__DATA RECORDS__.
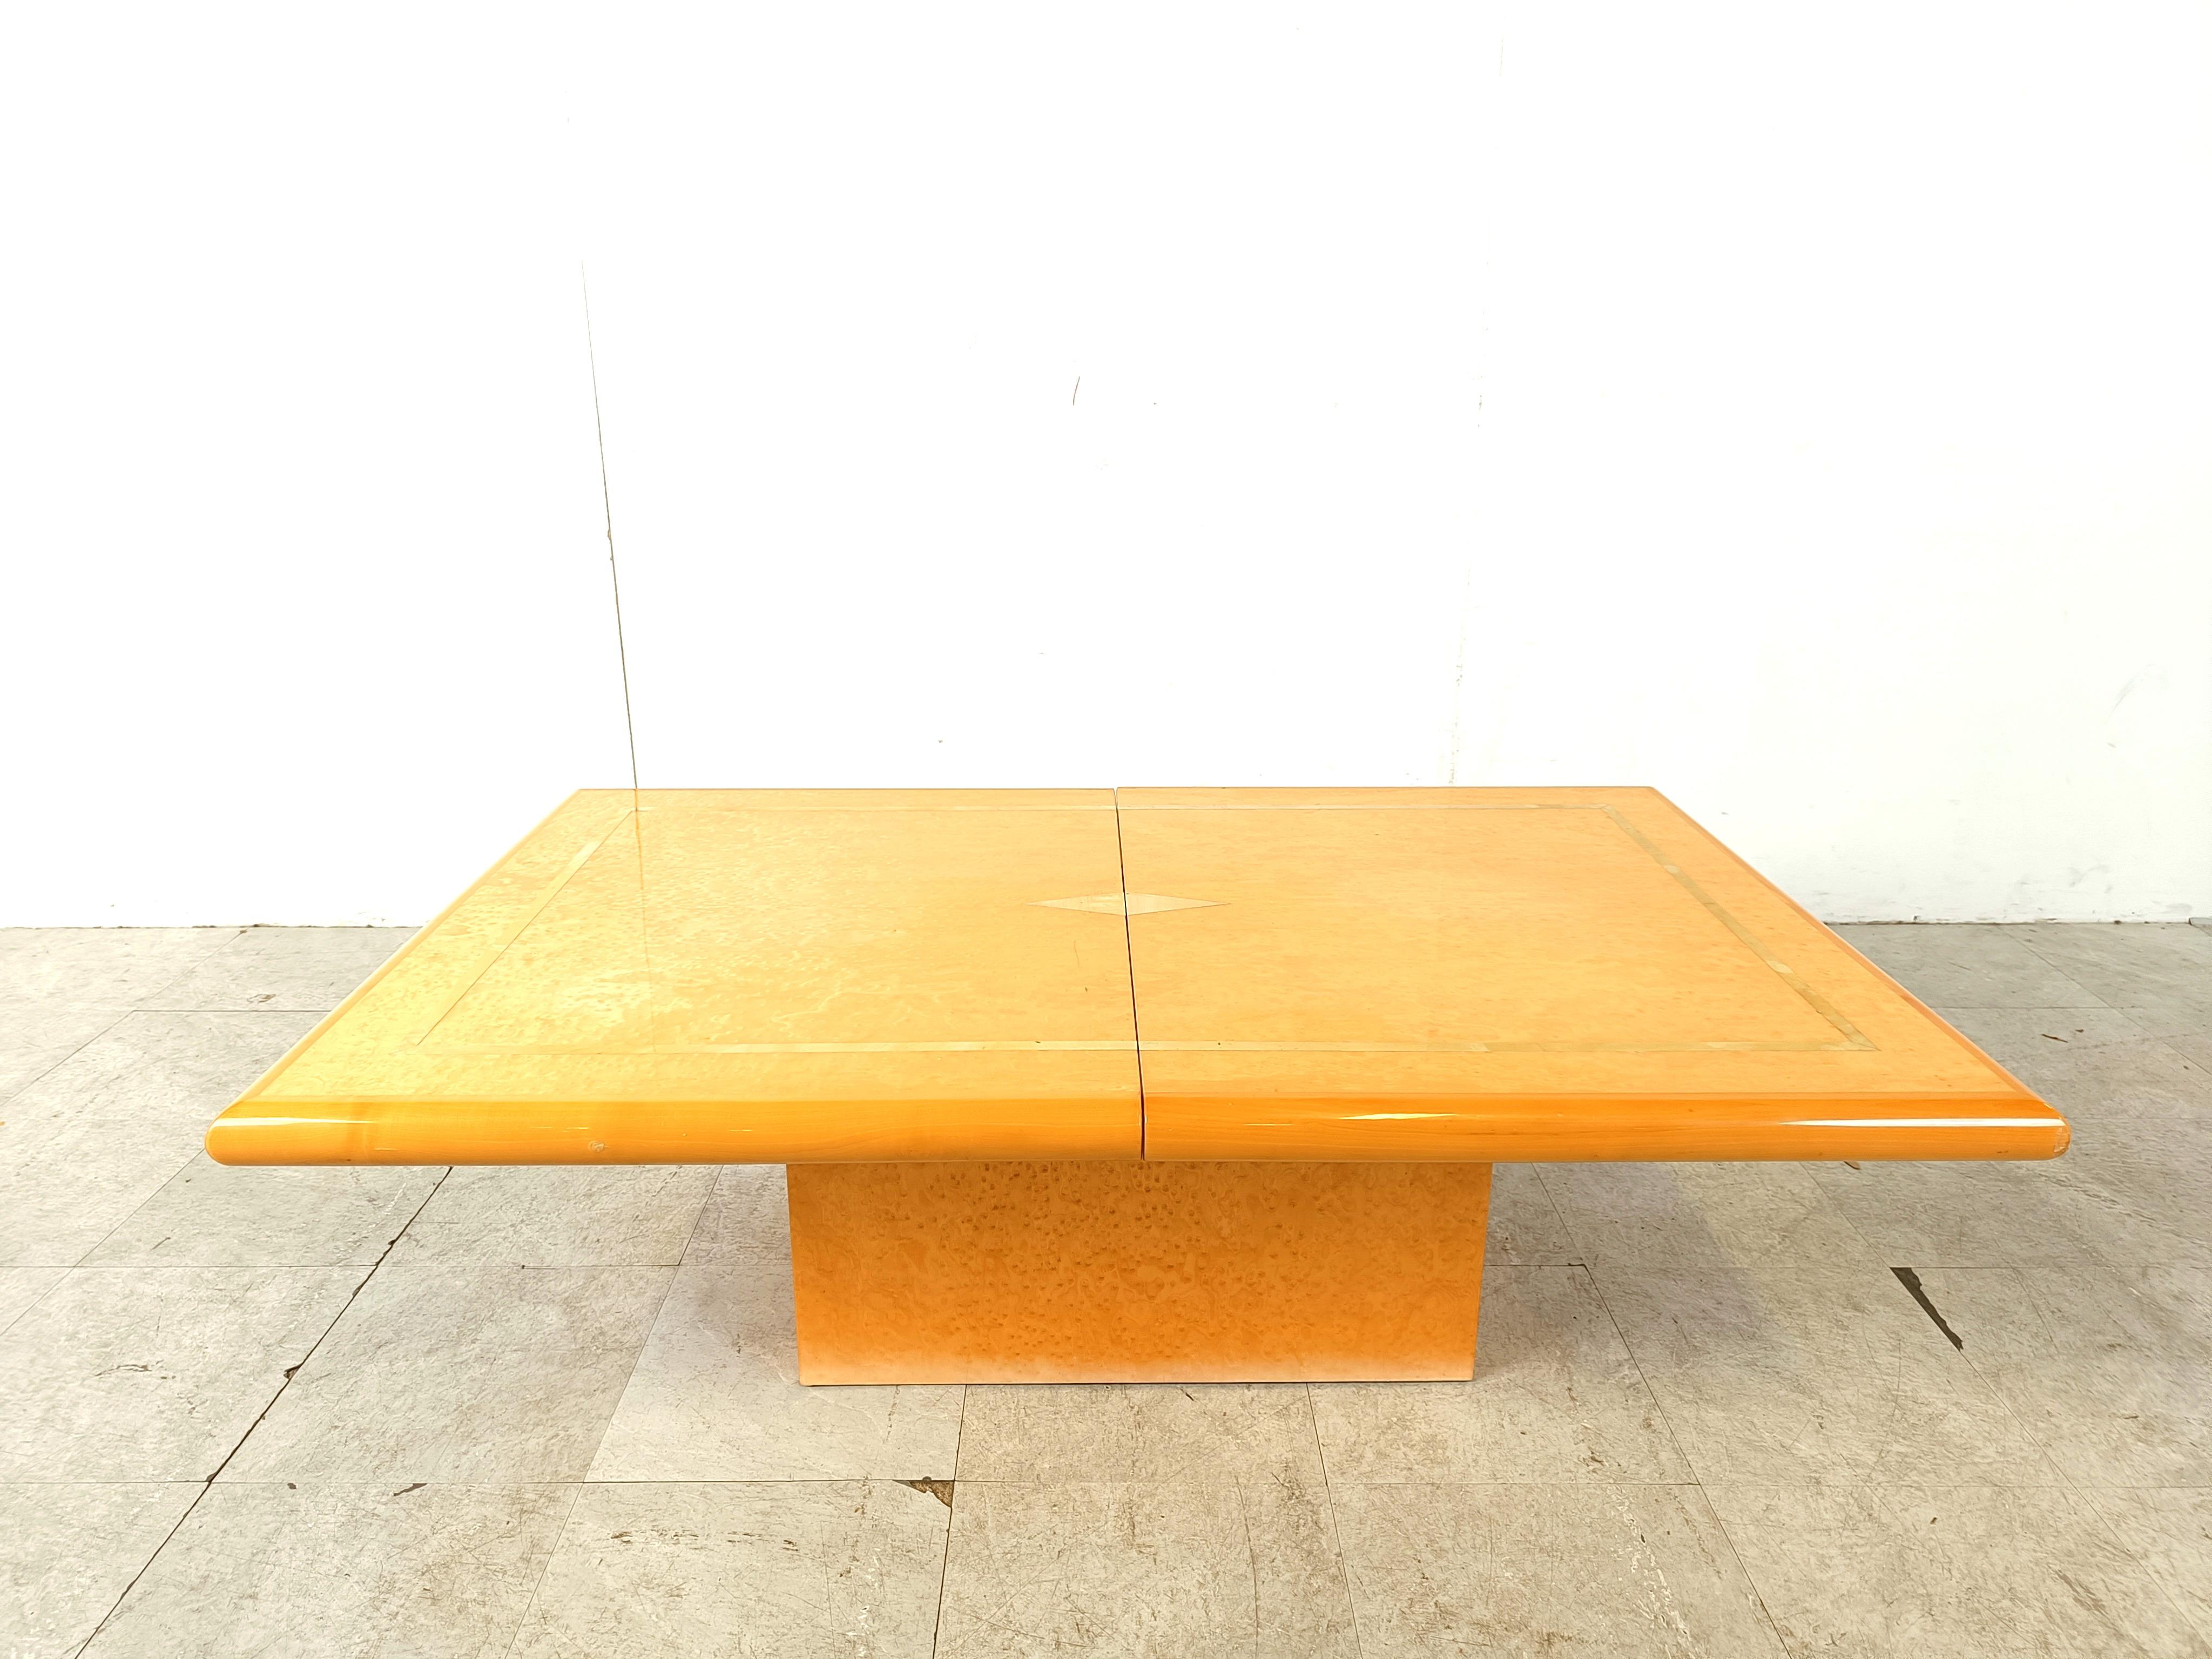 Exquisite wooden coffee table by Eric Maville.

This luxurious coffee table slides open to reveal a mirrored storage space for bottles and glass. 

Attractive veneer wooden top with inlaid brass troughout.

Very good condition

1970s -

__WHAT THIS TASK INVOLVES__.
In the answer, restate word for word each line from the one with "This luxurious coffee" through the end of the material above.

__SOLUTION BELOW__.
This luxurious coffee table slides open to reveal a mirrored storage space for bottles and glass. 

Attractive veneer wooden top with inlaid brass troughout.

Very good condition

1970s -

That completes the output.